Making data accessible begins with your governance, which should do more than just ensure integrity and security. Your governance must be developed as part of your broader data analytics management strategy. Consider creating a layered data architecture that allows you to keep control of your metadata, such as your business rules and definitional criteria, while still freeing your people to access data in an agile manner. You can open up raw, unstructured data sets to the technical data scientist, for example, but create more structured and automated interfaces for the business analyst. Both roles will still have the autonomy they need to work with the same data and uncover insights, while your data security and integrity will stay intact.
3. Encourage Community Feedback and Sharing
Even though participants in Kaggle’s CORD-19 Challenge are competing for prize money, they still openly discuss tools and approaches that others may find helpful as they develop their data science projects. The Kaggle participants are also submitting feedback regularly to the organizers about making the Challenge run more smoothly.
The enterprise can create this same level of community and support by creating a culture of continuous learning, where sharing ideas and working across functions is rewarded. At Teradata, we have a platform called Transcend that contributes significantly to our culture of collaborative learning. Our people use Transcend to safely experiment with our own corporate data and see what other teams have tried in the common endeavor to optimize our products and services for our customers’ needs.
4. Integrate and Share Data to Invite Discovery
Putting data in context is a crucial step on the path towards helping a community discover answers. Johns Hopkins University engineers understood this early on in the outbreak when they built the widely circulated COVID-19 Global Map showing real-time case data around the world.

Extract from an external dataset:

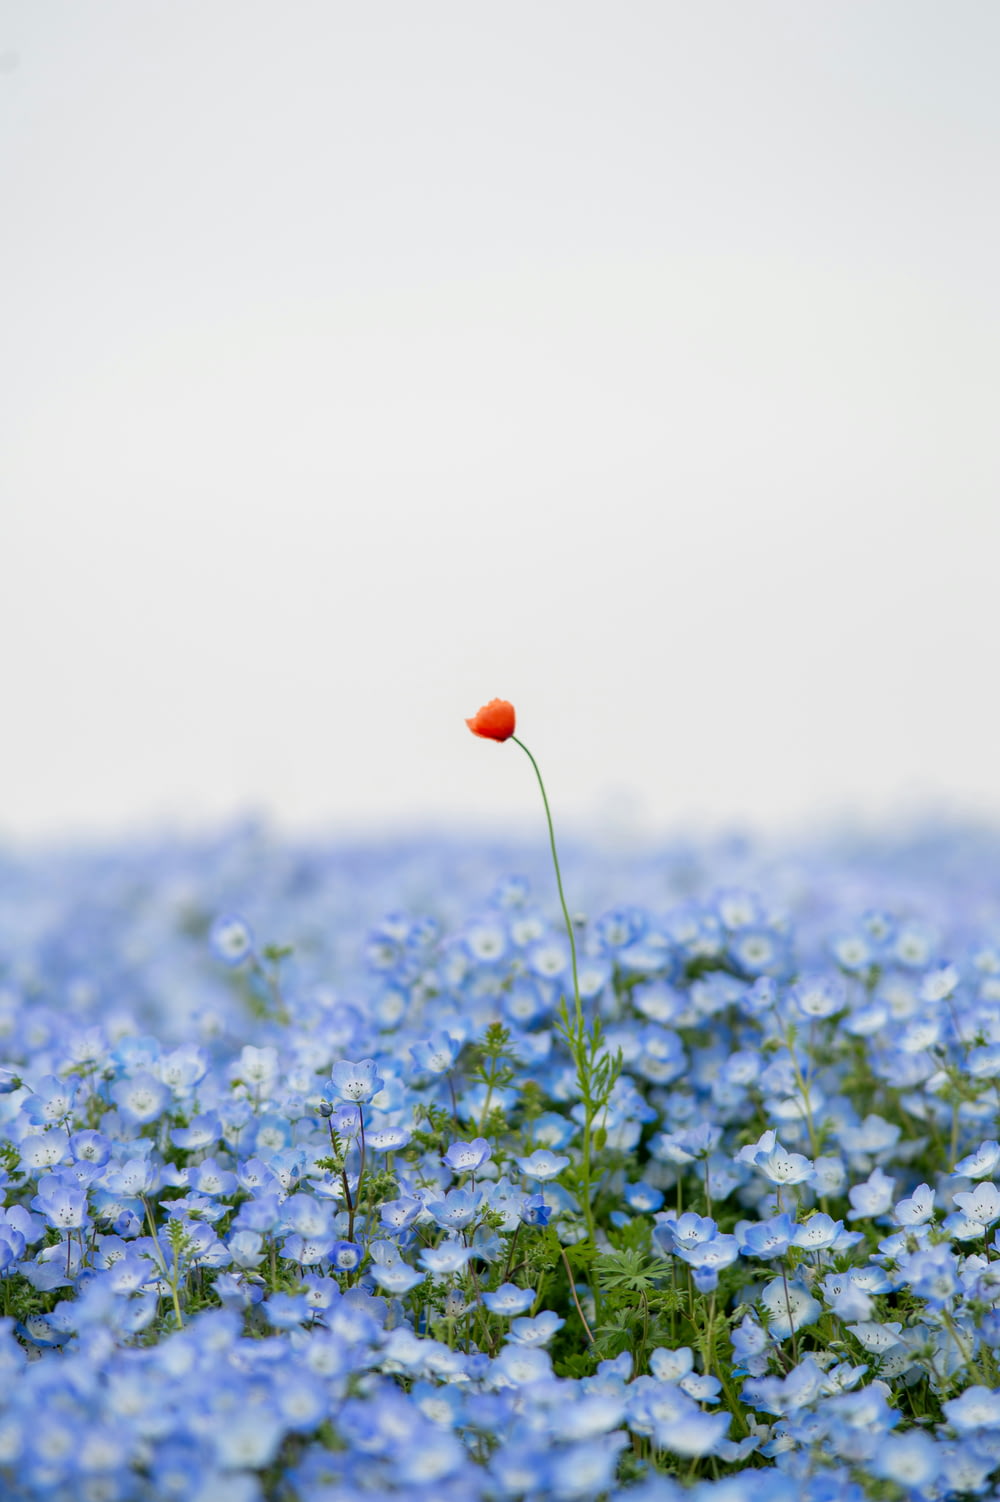 a single red flower in a field of blue flowers

Presenting data in the context of its scale or comparison to other familiar anchor values can reveal answers that data in isolation could never uncover. That’s why integrating data sets and types and giving data scientists the tools to visualize and communicate data context are so important. It’s through providing this context, often through data visualizations that are easy to understand at a glance, that data scientists have helped the public understand the virus’ threat and take action to slow its spread.
The Responsibility of a Data Scientist
While data scientists aren’t on the frontlines of this pandemic in the same ways that essential workers are, they still have a critical role to play — even a civic duty — to fight it. Data scientists can apply their expertise in cleaning, integrating, modeling, and communicating about data to shed light on complex questions. Whenever data is a major sticking point (and it frequently is), the data scientist can remove roadblocks to understanding.
Enterprise leaders, in turn, have a responsibility to remove the roadblocks standing in the way of anyone in the organization who could discover answers in data. For a company with a thriving learning culture, when the path is cleared to make a meaningful difference, many people often do.